Many concerns have arisen about Canada’s pending Foreign Investment Promotion and Protection Agreement (FIPA) deal with China. The deal, which could be legally ratified any time now, is advertised as creating greater investment security for Chinese investors in Canada and also for Canadian investors in China. Harper has also defended the deal on the grounds of potential job creation.
More prevalent than news of the actual agreement, however, is the controversy which has developed around it. From the exact creation of the agreement to the claims made about its benefit, disagreement with and opposition to the agreement are stealing the stage.
In search of clarity, Arthur communicated with Trent Economics Professor (and Department Chair) Byron Lew and asked about his thoughts on the matter.
In response to Harper’s claim that this deal could create jobs, Lew told us, “To the extent that there might be more investment by Canadian firms in China, that could create jobs in the long run. The impact of Chinese investment in Canada would be much more limited in potential jobs in Canada.” However, that’s not to say that there is no potential for Canadian jobs.
Lew went on to explain, “The larger, less certain, implication is whether Canadian firms could expand by investing in China. The jobs that might result from that would be higher income skilled jobs for professionals, and they would more likely be in B.C, Ontario and Quebec because they have larger populations and skilled jobs are more concentrated there.”
Mixed in with talk about this trade deal is the conversation about China’s bid to take over Calgary-based company, Nexen. Many question if, with FIPA on the table, Canada can refuse such a large take over. From Lew’s perspective, “This agreement puts Chinese investors in Canada, including the Chinese government, on equal footing with Canadian investors. So laws that apply to Canadians will apply to Chinese investors. The Canadian government is agreeing not to place restrictions on Chinese investors that it would not place on Canadian investors.”
Furthermore, “Canada could not block the takeover simply because it is a Chinese company that is making the purchase. They can block it for any reason they might use to block a Canadian take over of another Canadian company.”
In concluding comments Lew told us, “China is one of Canada’s largest trading partners. Closer ties with China will benefit both countries. This agreement is one example of a closer relation.”
In response to concerns about China’s government being less transparent than Canadian Government (and Chinese law would apply to Canadians investing in China just as Canadian law applies to Chinese investment here) Lew said, “I personally do not agree. The incremental benefit of additional protection for Canadian investment in China is more valuable to us than is the reciprocal benefit to Chinese investors simply because of the greater uncertainty facing Canadian investors in China without this agreement.”

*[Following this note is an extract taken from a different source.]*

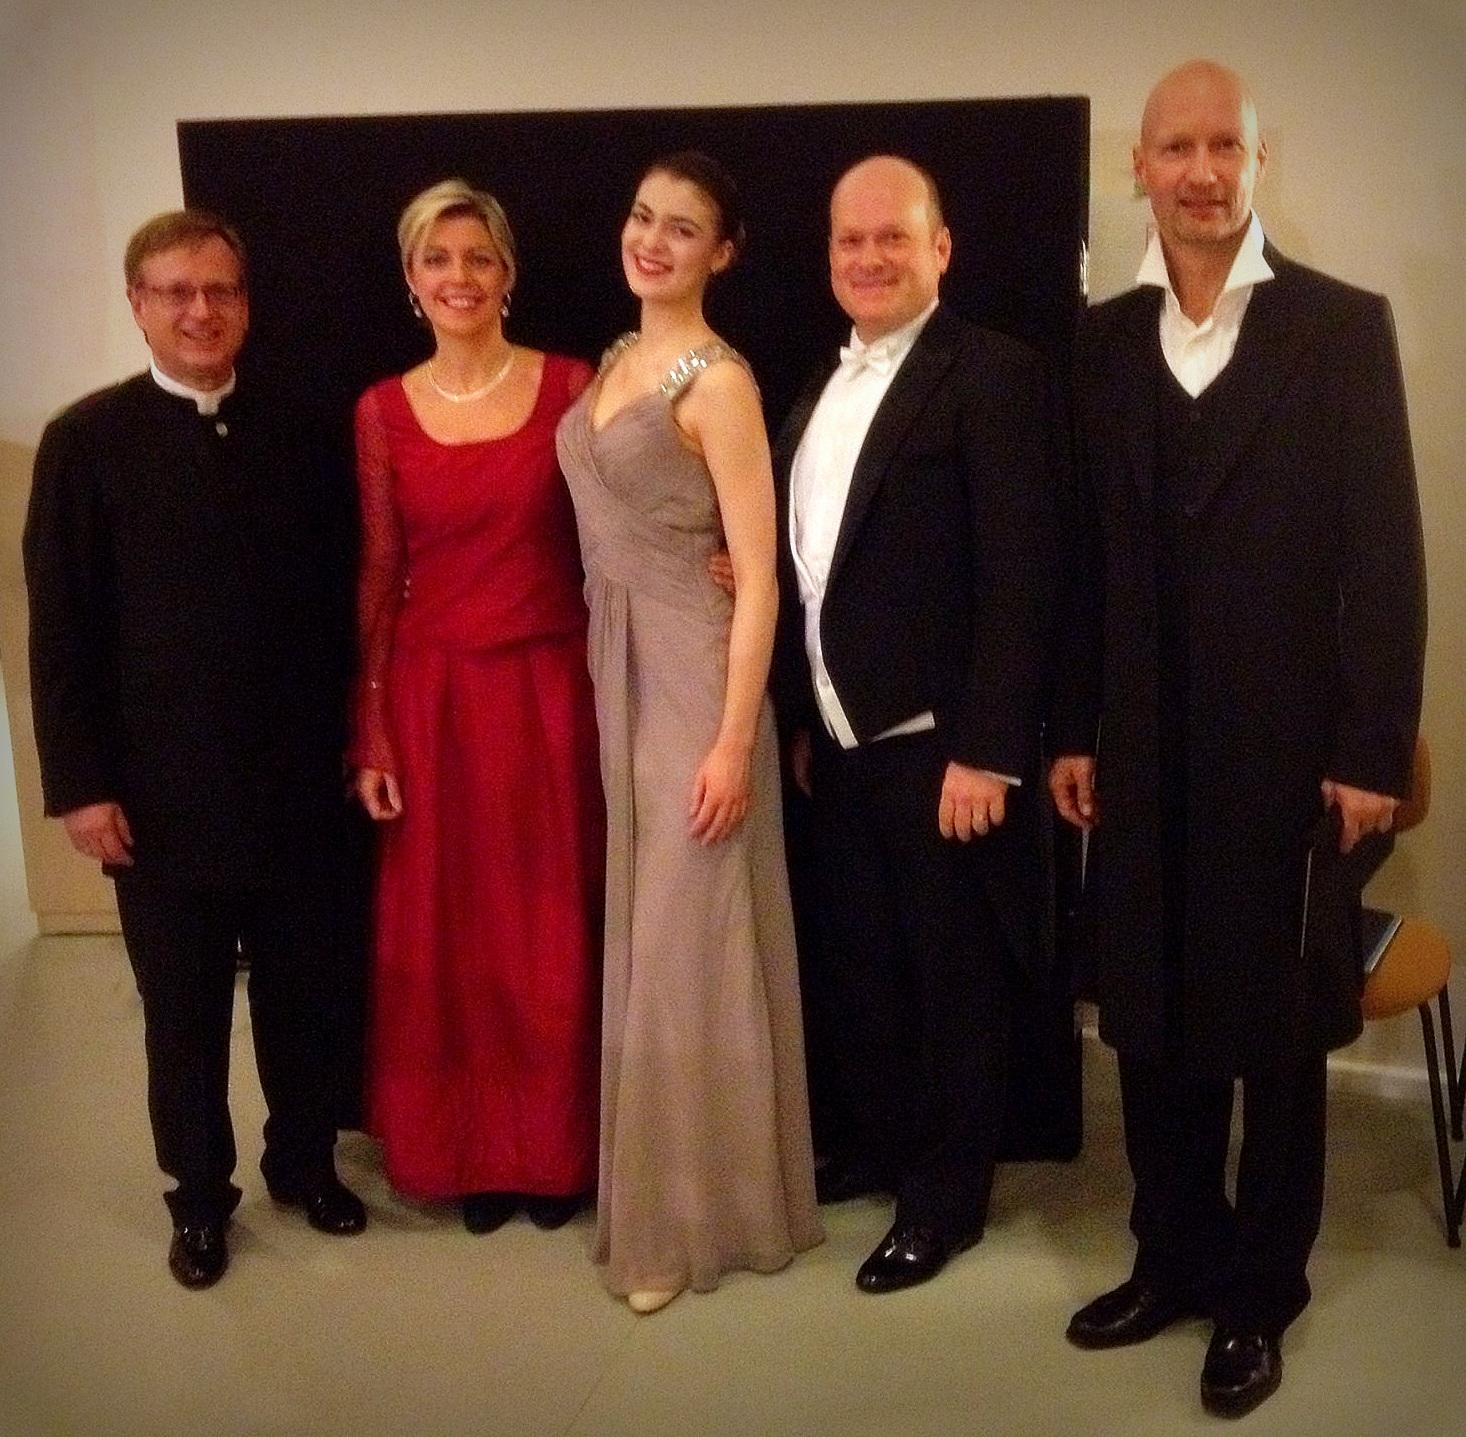 Magnificat/Bach - Nach unserem Konzert in der Berliner Philharmonie mit dem Dirigenten Jörg-Peter Weigle

He also noted that “… the oil company deal [with Nexen] is a sideshow. It is important to China to get into the oil patch, but won’t make much difference to us whether it is owned by Canadians, Americans, or Chinese. But it is a ‘hostage’ that Canada can use to make sure we get equal treatment in China. If China sets arbitrary rules for Canadian investment in China, we can retaliate against their large oil investment here, an investment they would be keen to protect.”

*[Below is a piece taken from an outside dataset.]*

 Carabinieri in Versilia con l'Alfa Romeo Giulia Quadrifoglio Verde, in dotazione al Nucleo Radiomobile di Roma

A second look a the controversy surrounding this deal, having attained some semblance of clarity through conversation with Lew, revealed a lack of balance in the arguments against the FIPA. Much of the reported anger against the Bill come from the “secrecy” in which it was created and the lack of conversation currently happening in Parliament.
The largest argument against the Bill itself is how the difference in Canadian and Chinese Governments leaves room for a big difference in how Canadian investors are treated in China from how Chinese investors are treated in Canada. Lew addressed this though, that from his personal stance the risk was worth it.
Another concern about the agreement’s contents is that it would allow Chinese investors who feel wronged to sue the Canadian Government in private tribunals. While the North American Free Trade Agreement requires that this kind of legal action be made public knowledge, FIPA does not. This is a concern as it is not in line with general Canadian practice but perhaps could be negotiated to make the agreement more agreeable for opposing groups. That would all come back to discussion in Parliament, Senate and back to conversation between Canada and China.
While the prevailing concerns about our Conservative majority acting in secrecy are valid and need to be addressed, is it a valid reason to squash this potentially beneficial agreement?